Exercise data:
◆ ◆ ◆ ◆ ◆
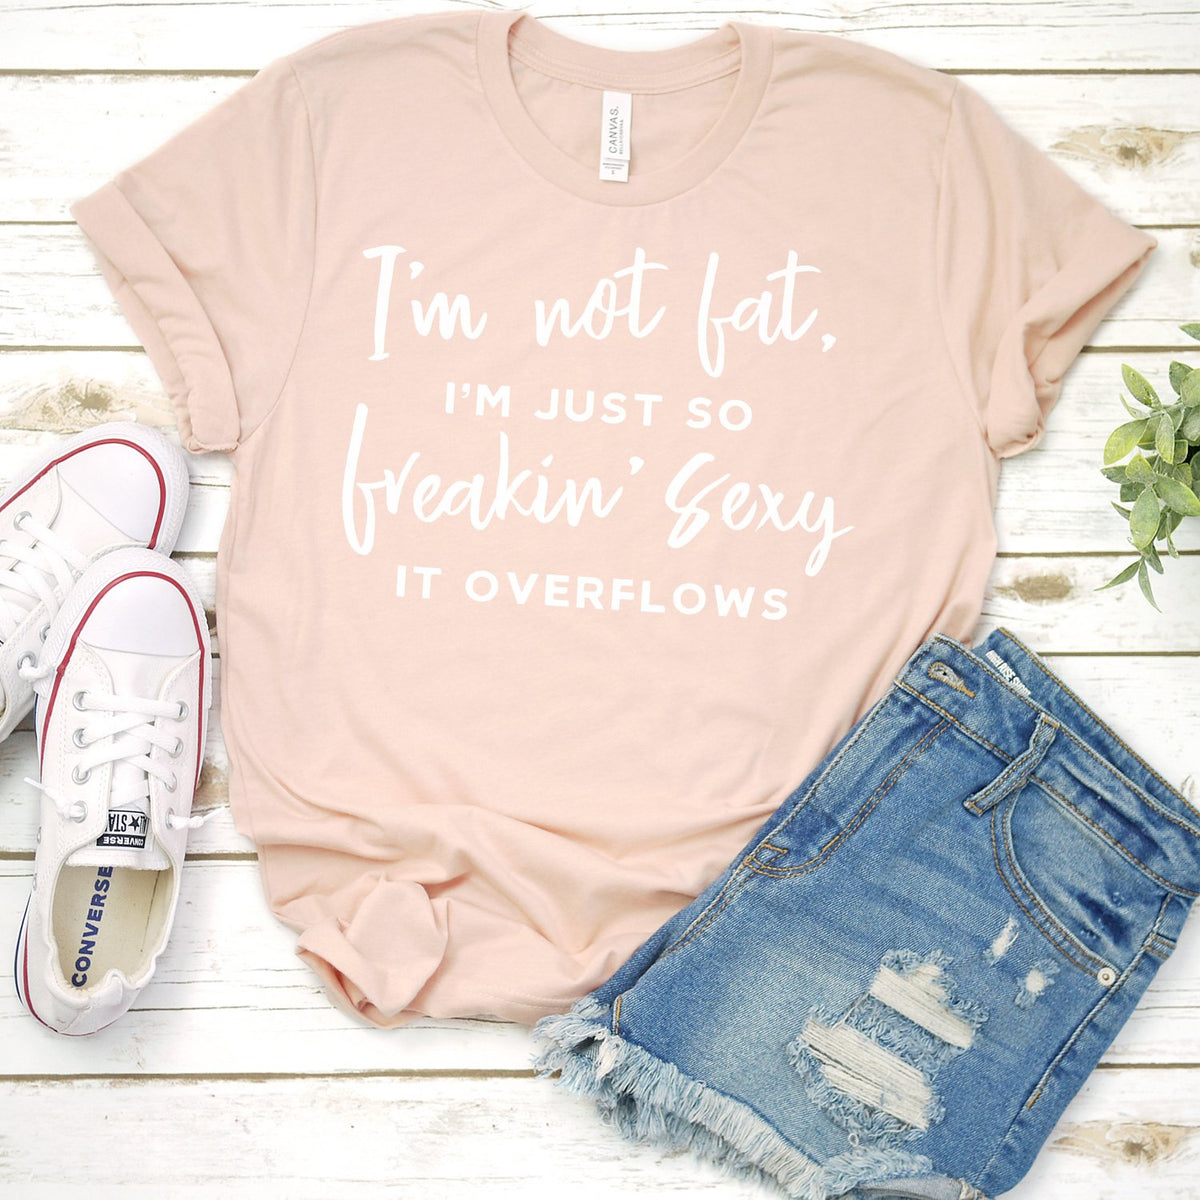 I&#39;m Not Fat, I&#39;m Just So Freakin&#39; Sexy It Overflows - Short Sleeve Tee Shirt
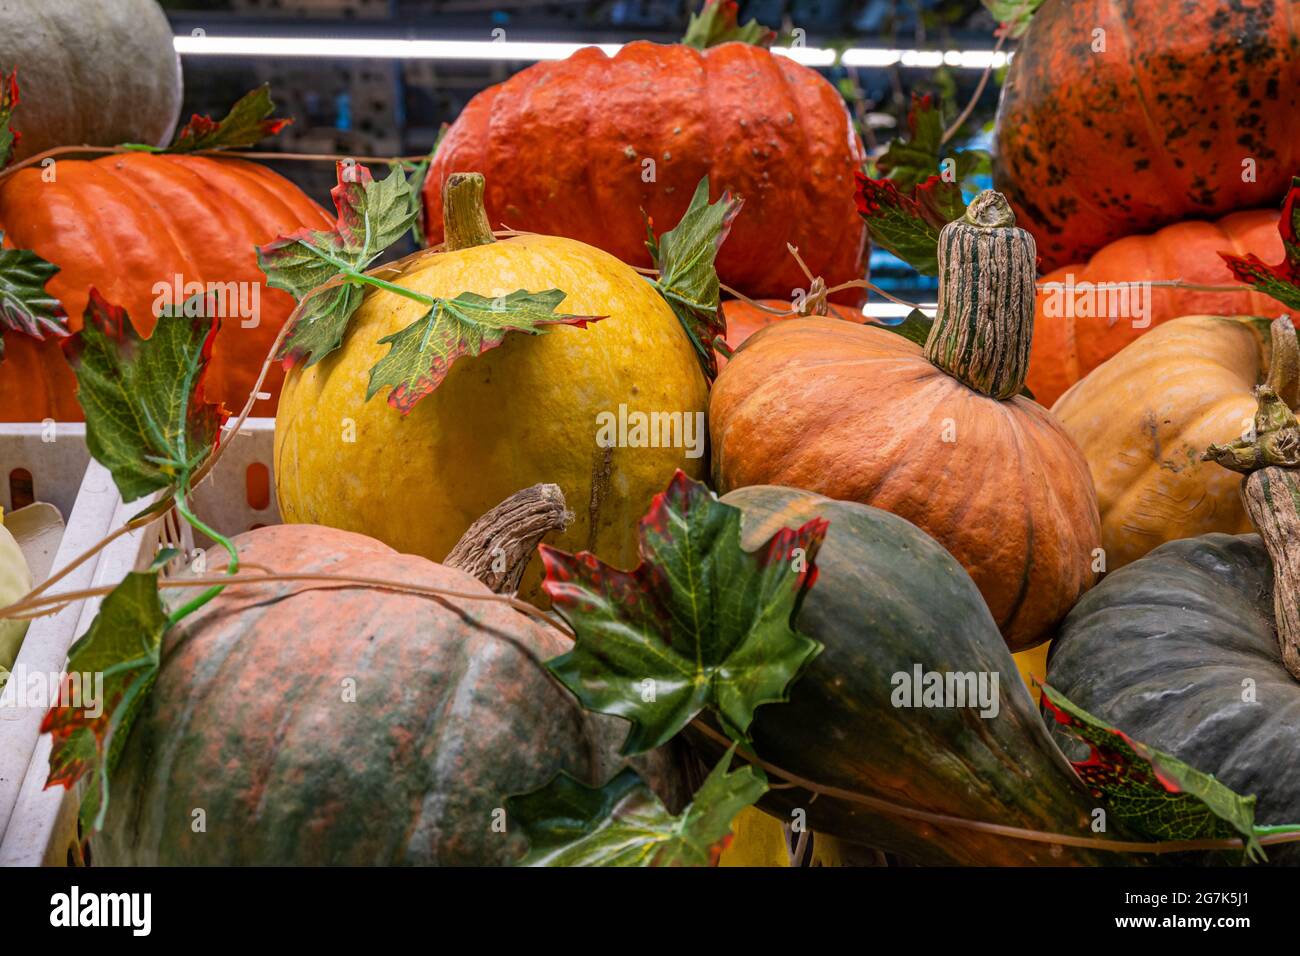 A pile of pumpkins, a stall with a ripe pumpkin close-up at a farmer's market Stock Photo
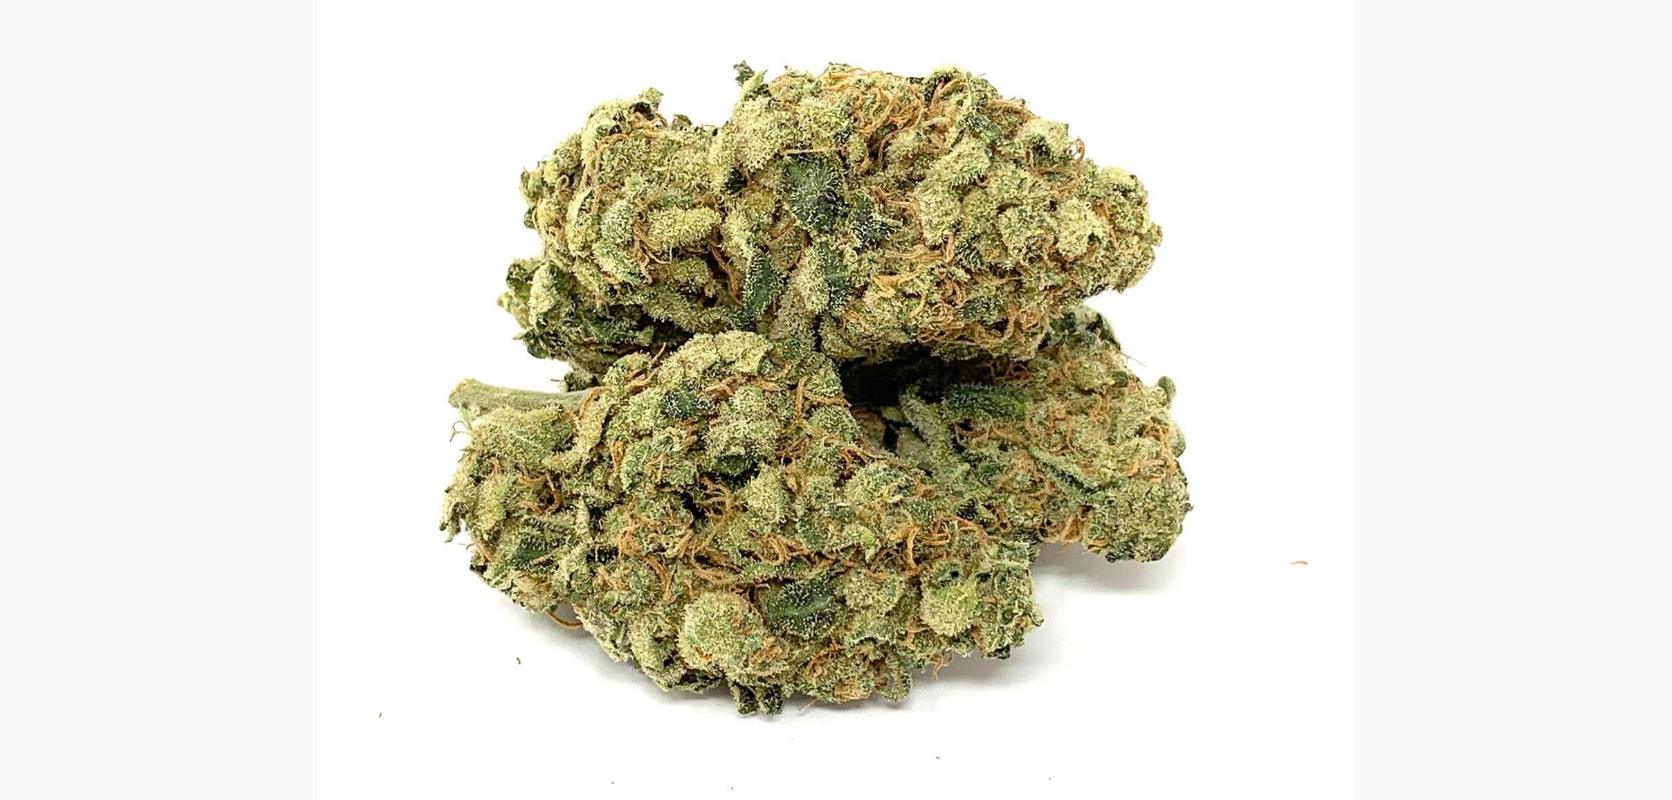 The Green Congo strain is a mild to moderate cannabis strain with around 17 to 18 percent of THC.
◆ ◆ ◆ ◆ ◆
Work request: Pictures stay out; reproduce exactly the lines from the one containing "A pile of pumpkins, a" through the last line of the listing, both included.

Solution to this exercise:
 A pile of pumpkins, a stall with a ripe pumpkin close-up at a farmer's market Stock Photo
 The Green Congo strain is a mild to moderate cannabis strain with around 17 to 18 percent of THC.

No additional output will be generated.